In February 2010, attackers using an iterative method found a pair of accounts where a user had set the password=userid in defiance of policy. They used the same amplification technique to send a substantial amount of mail, starting in the late evening. Many of these messages used a "live.com" return address, which would cause rejection messages to go to Hotmail.
In March 2010, a couple of people again sent passwords to a phisher.
Another SquirrelMail plugin was installed to block outbound mass mailing, using statistics gathered from benchmarking to set
a realistic limit. On March 19, this plugin successfully blocked an attempt to use another compromised account.
The last successful phishing mailout was on March 12.
550 SC-001 Mail rejected by Windows Live Hotmail for policy reasons.
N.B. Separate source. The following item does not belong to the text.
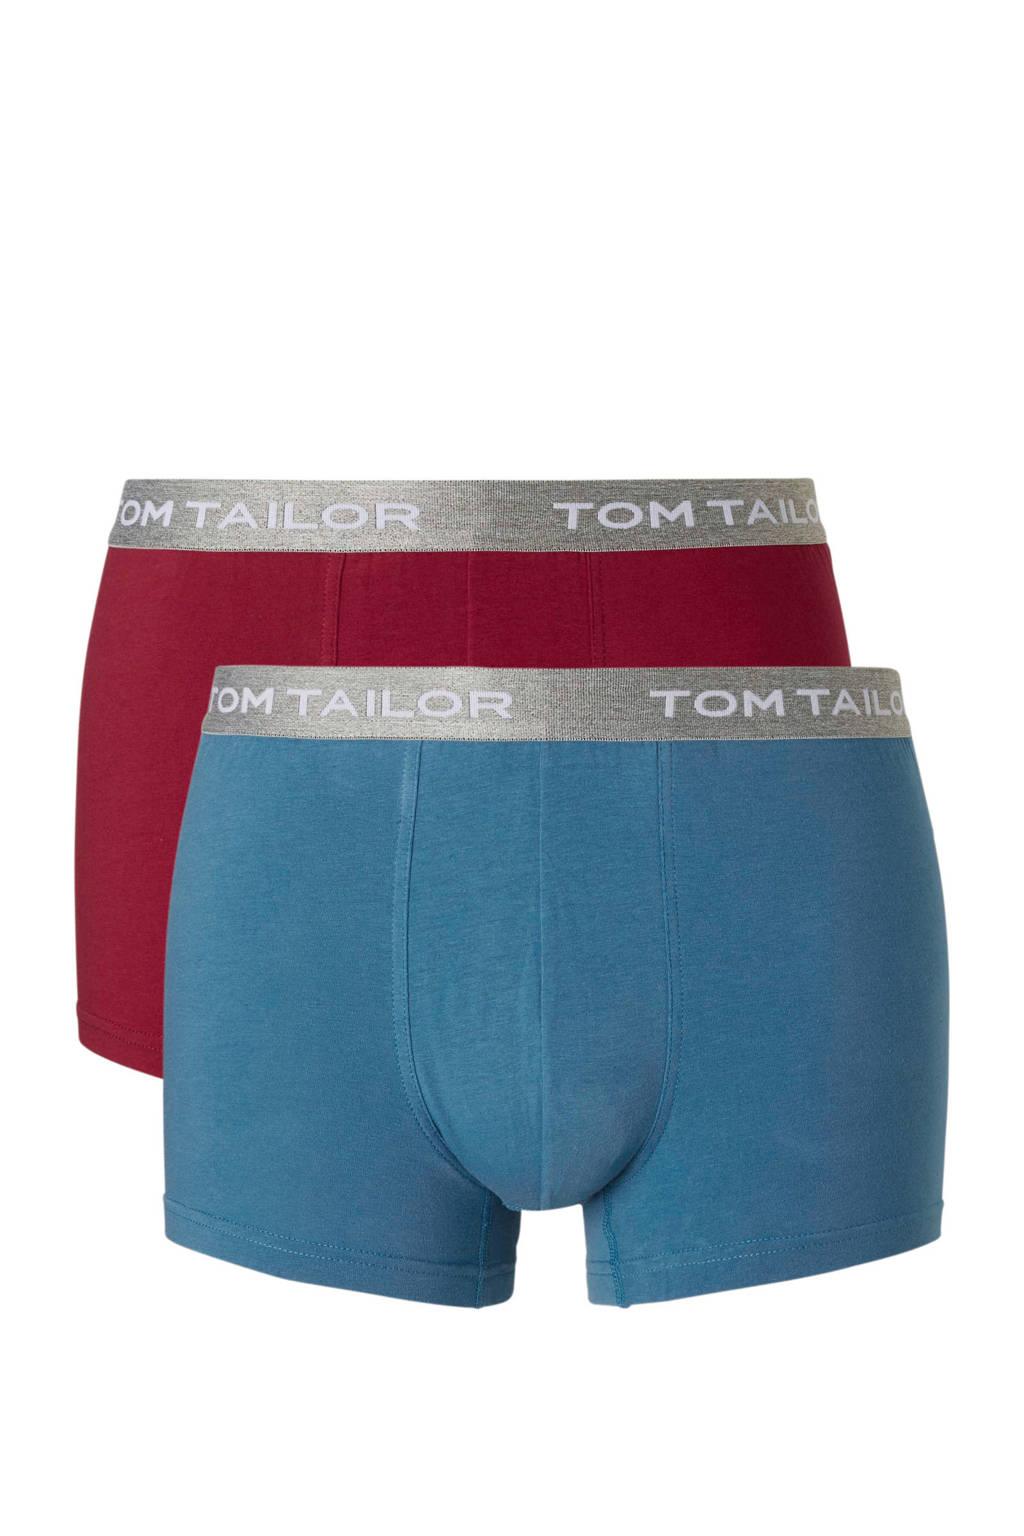 Tom Tailor boxershort (set van 2), Blauw/bordeaux
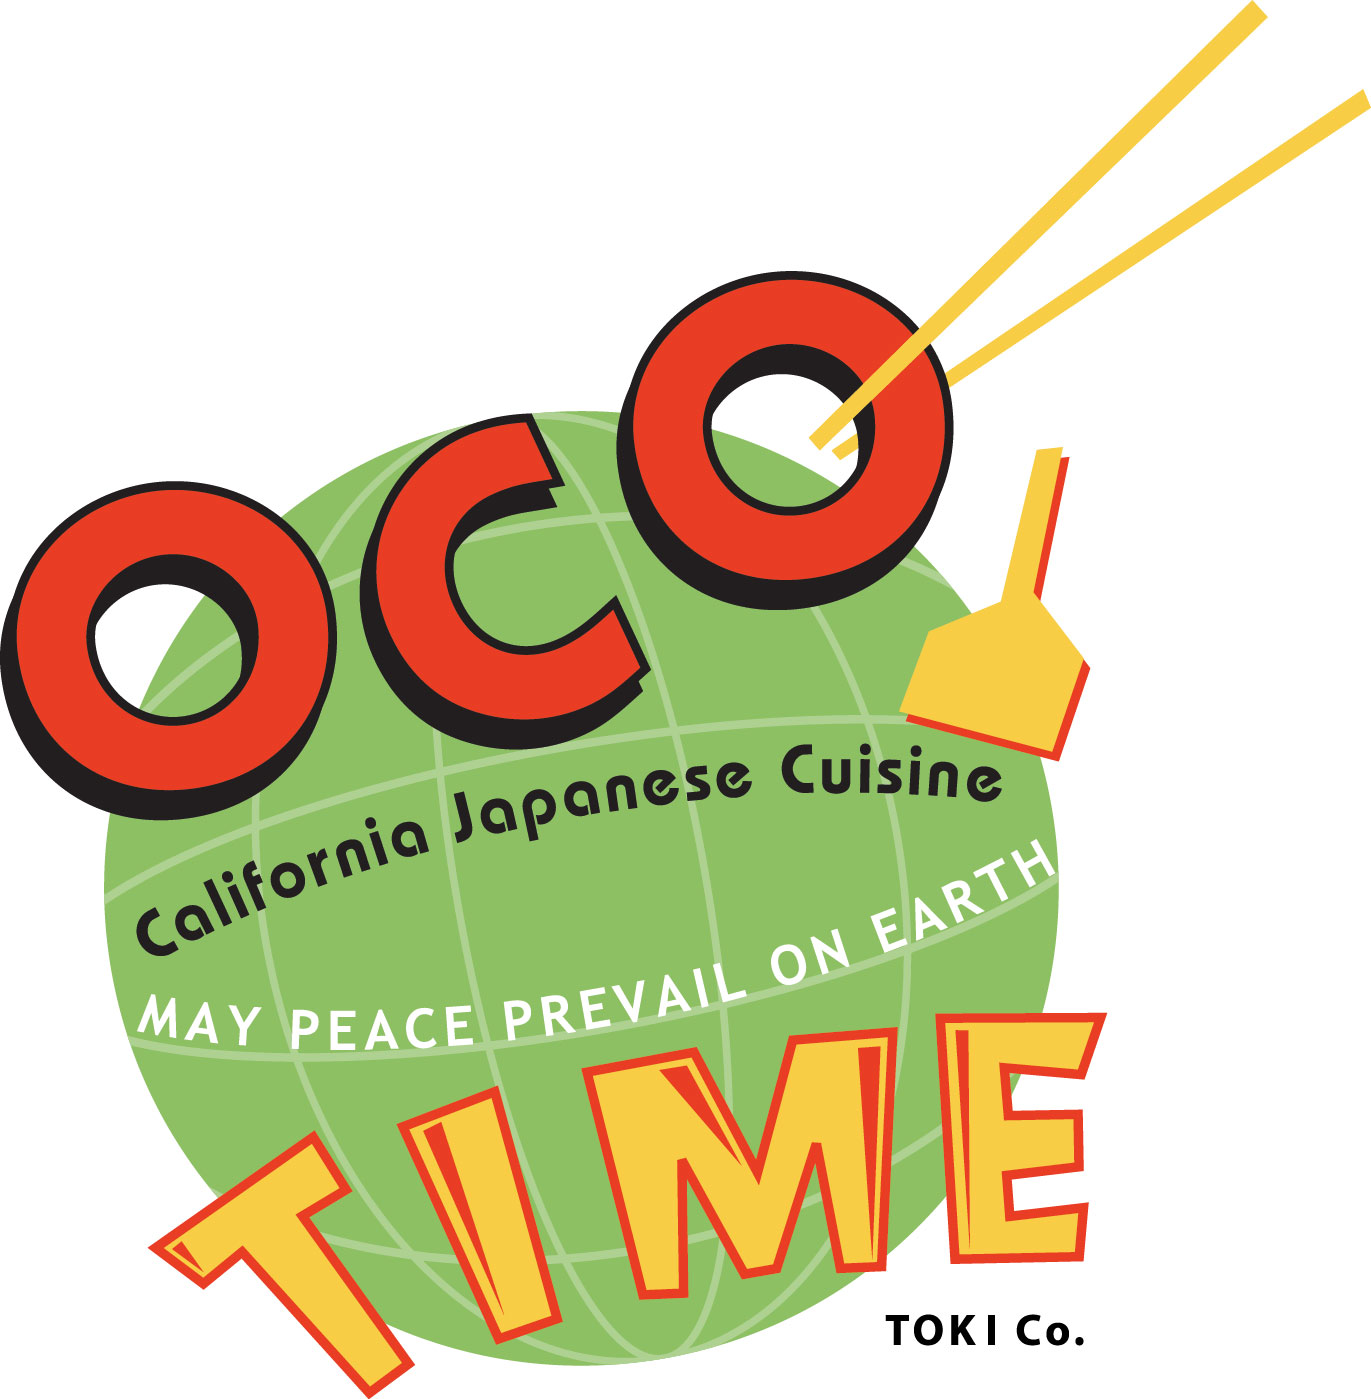 OCO_TIME_TOKI.jpg

Reasons for rejection may be related to content with spam-like characteristics or IP/domain reputation problems. If you are not an email/network admin please contact your E-mail/Internet Service Provider for help. Email/network admins, please visit http://postmaster.live.com for email delivery information and supportChecking the above URL, after creating an account, showed some statistics for rejected mail. Later, mail appeared to be working normally (being accepted by hotmail servers). The postmaster.live.com tracker showed no rejected mail.
On March 24, a TRIUMF user reported that mail sent to a Hotmail account was never received. Our logs showed that it had been accepted by the Hotmail server. Creation of a test account at Hotmail confirmed that mail from our webmail server was being deleted (not delivered to a junk folder), with the possible exception of mail sent in direct reply to mail from Hotmail account. Mail from other TRIUMF servers was delivered normally.
We contacted Hotmail support on March 24. As a pre-requisite to helping us, they required us to join the "Junk Mail Reporting Partner Program" - essentially a scheme whereby they actually send complaints to our abuse account (per RFC 2142, listed in whois.arin.net and whois.abuse.net) instead of discarding them. They also made suggestions that would allow a large bulk-mailing company to successfuly target Hotmail, such as maintaining separate outbound servers for different purposes and creating good SPF and Sender-ID records.
Following the creation of a JMRPP account in April, complaints started to trickle in - from November 2009 and February 2010. Our mail to Hotmail was still being silently discarded, so we blocked it on our server - our users would at least receive a delivery failure notice.
On April 14, Hotmail indicated that they would remove an entry from their reputation list "in 24-48 hours". On April 22, mail was still being discarded.
On April 26, Hotmail indicated that they had "taken steps to implement a temporary mitigation to our mail delivery problem". At this point, test messages were being successfully delivered to my test account at Hotmail. I removed the outgoing mail blocks, and since then have had no complaints.
Since successfully signing up for the JMRPP program, I had as stated stale complaints. It appears that we get them whenever someone clicks "this is junk", regardless of when it was sent. We had one complaint about a mailman message (opt-in list, with unsubsciption instructions at the bottom), but otherwise it has been quiet.